Nadia Tueni | |
---|---|
Born |
Nadia Hamadeh 1935 Beirut |
Died | 1983 (aged 47–48) Beit Meri |
Nationality | Lebanese |
Occupation | Poet, writer |
Notable work | Les Texts Blonds, La Terre Arretee |
Spouse(s) | Ghassan Tueni (1954–1983; her death) |
Children | 3, including Gebran Tueni |
Relatives | Marwan Hamadeh (brother) |
Nadia Mohammad Hamadeh Tueni (1935–1983) was a Lebanese Francophone poet, who authored of numerous volumes of poetry.

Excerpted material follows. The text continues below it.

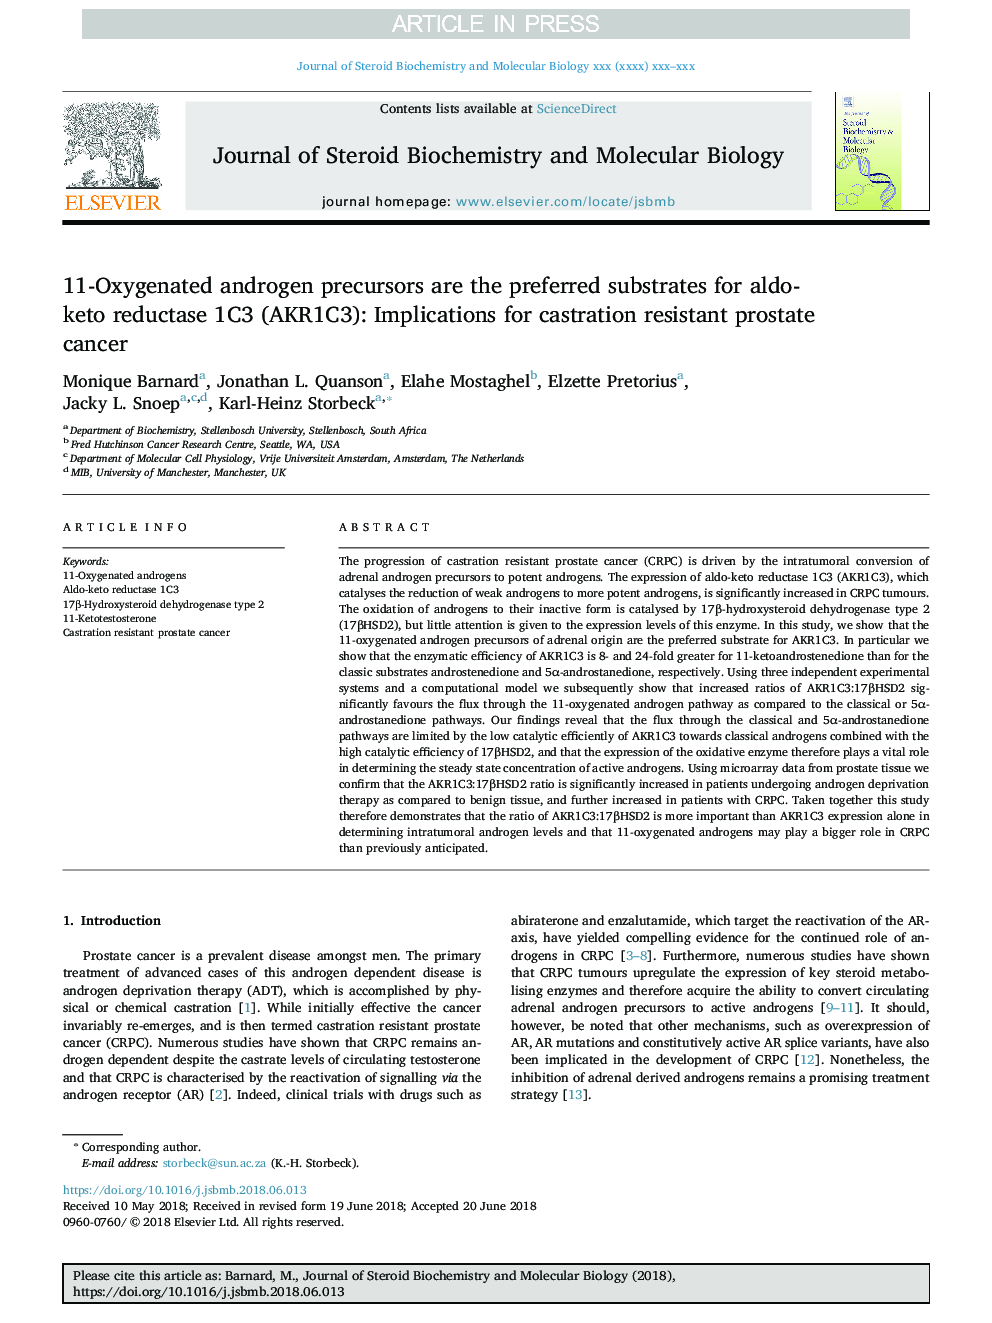 11-Oxygenated androgen precursors are the preferred substrates for aldo-keto reductase 1C3 (AKR1C3): Implications for castration resistant prostate cancer

Nadia Mohammad Ali Hamadeh was born in Beirut in 1935, to a Lebanese Druze father, Mohammed Ali Hamadeh, who was a diplomat and writer, and a French Algerian mother. She grew up bilingual. Her brother, Marwan Hamadeh, is a politician, and another brother, Ali Hamadeh, is a journalist at An Nahar and Future TV.
Nadia Tueni was educated in French schools in Lebanon and Greece. She attended Ecole des Soeurs de Besançon, then La Mission Laïque Française. She received her secondary education at the Lycée Français in Athens where her father was ambassador of Lebanon. She received her law degree at the Université Saint-Joseph in Beirut. However, there is another report stating that she attended the Université Saint-Joseph, but could not complete her study there due to her marriage in 1954.
Tueni published her first book of poems, Les Textes Blonds, in 1963. She worked as the literary editor of the Lebanese French-language newspaper, The Day, in 1967 and contributed to various Arabic and French publications.
She married Ghassan Tueni, the publisher of An Nahar and doyen of the Lebanese press, in 1954. They had three children, all of whom would predecease their father, who long outlived her. Her son, Gebran Tueni, a journalist and politician, was assassinated in 2005. Another son, Makram, was 21 when he died in a car accident in Paris in 1987. A daughter, Nayla, who was born in 1955 died of cancer at age 7.
She describes her country, Lebanon, in Poems of Love and War (2006:xxxv) as follows: "I belong to a country that commits suicide every day while it is being assassinated. As a matter of fact, I belong to a country that died several times. Why should I not die too of the gnawing, ugly, slow, and vicious death, of this Lebanese death?"
Nadia Tueni died in Beit Meri near Beirut in 1983 after an 18-year battle with cancer. She was 47.